It sounds stupid to say. Even here and now and to Cruikshank while he pulls a tuft of innocent grass up by its roots. "It wasn't like there was paperwork to fill out," to declare himself, he must mean, for all that the context is lost on most dwellers of the year 135 A.E. He looks as if he could go on but doesn't, closing his shoulder off to Fletcher's encroach with a scuff at his nose instead. Sulking.

"I dunno. What are you, some kind of wizard?"

"Sort of. Born that way, if you will."

At least, Fletcher keeps where he is from there, glancing up for the trees to see if a passing shadow and flutter is anything he need concern himself with, then back at Flint. "I've only ever heard of werewolves," he adds, explaining away why he is putting the burden of education on the other man. Anyone can hear about anything, and it doesn't make it true. "There's… a prostitute. Her ancestors were selkies. Some of them. But even they need skins. How long've you been a werewolf?"

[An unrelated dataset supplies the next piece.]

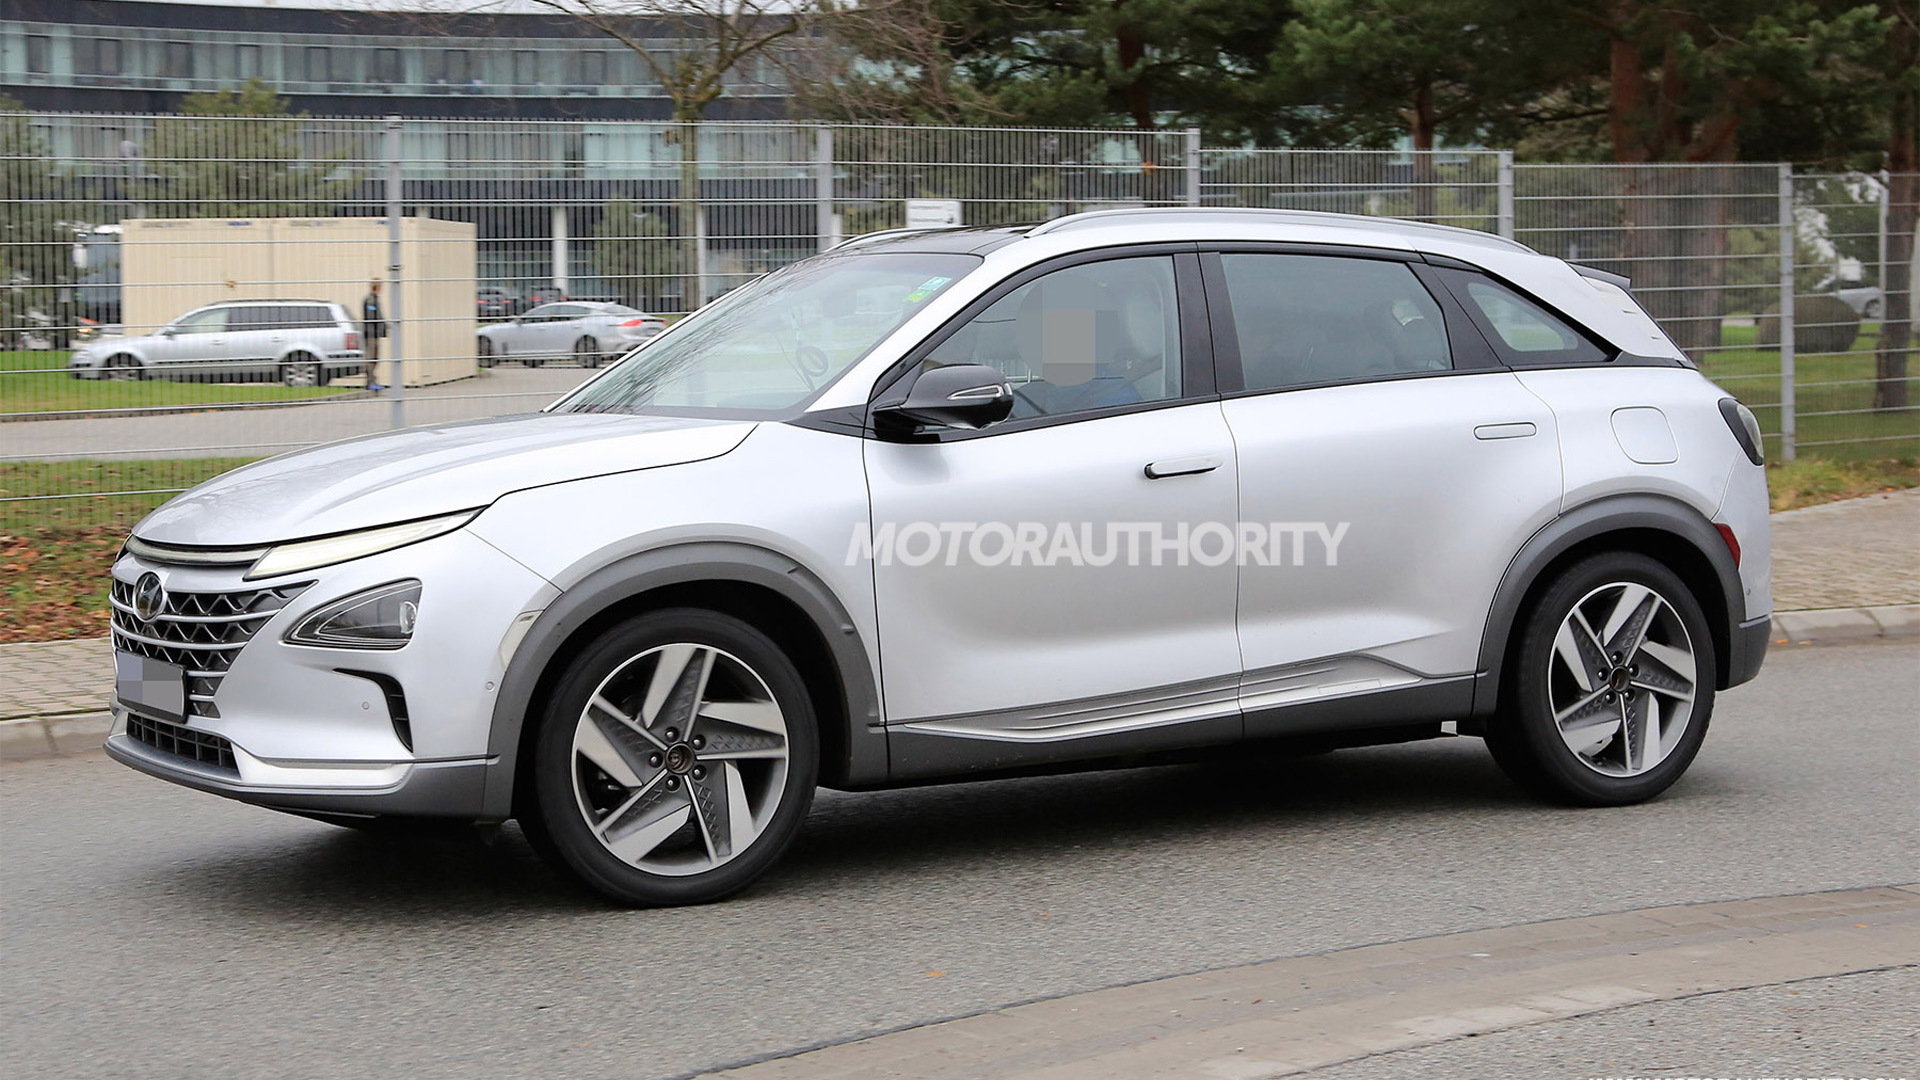 2019 Hyundai fuel cell SUV spy shots - Image via S. Baldauf/SB-Medien
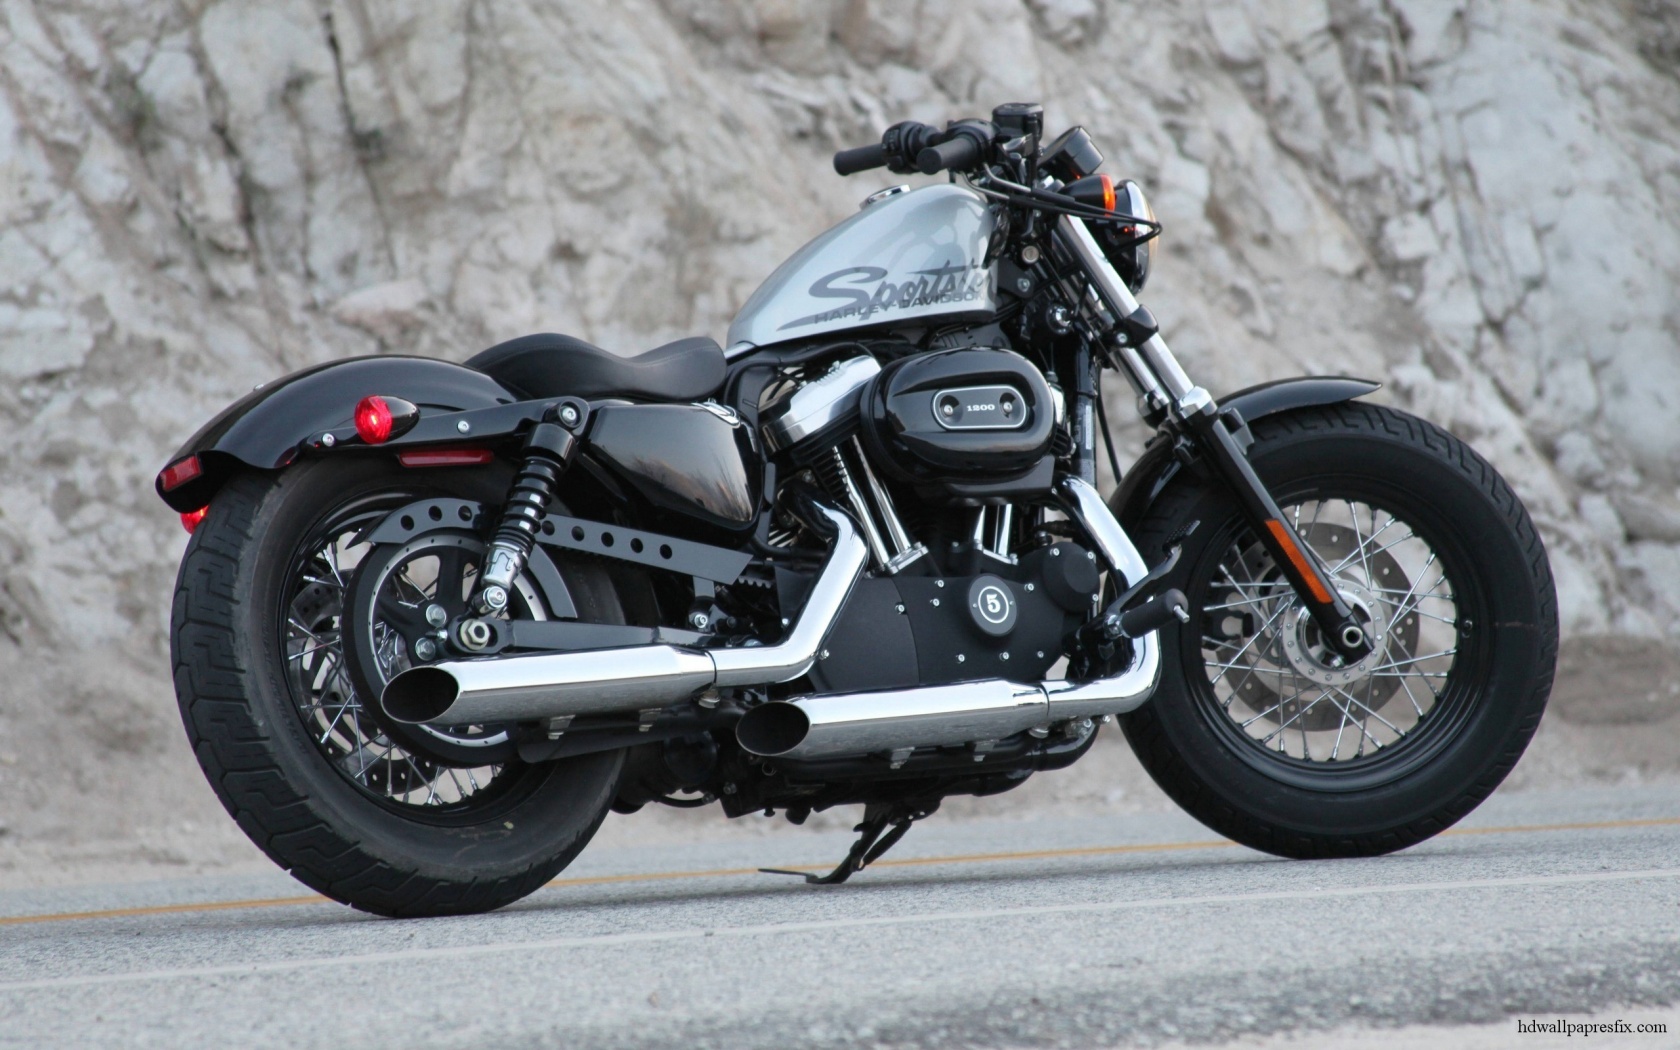 Harley Davidson Wallpapers Motorcycle

"I don't know." He can't remember.

"A while," Flint guesses, once he's thought around it. Because Cruikshank asked nicely. The hand that had scuffed under his nose continues on to feel over the swelling at his eye, down into the hollow of his cheek. People in Dornie are mean. And violent. And prone to histrionics, he thinks.

It was just an arm.

From where Fletcher's sitting, Deckard isn't keeping a very close eye on his surroundings for all that his situation should demand it. He looks after sounds in brush but only briefly and to satisfy his curiosity. It's a level of irresponsibility that's nearly deliberate, second in incongruity only to the frequency with which he checks to see if current company looks like he might be leaving.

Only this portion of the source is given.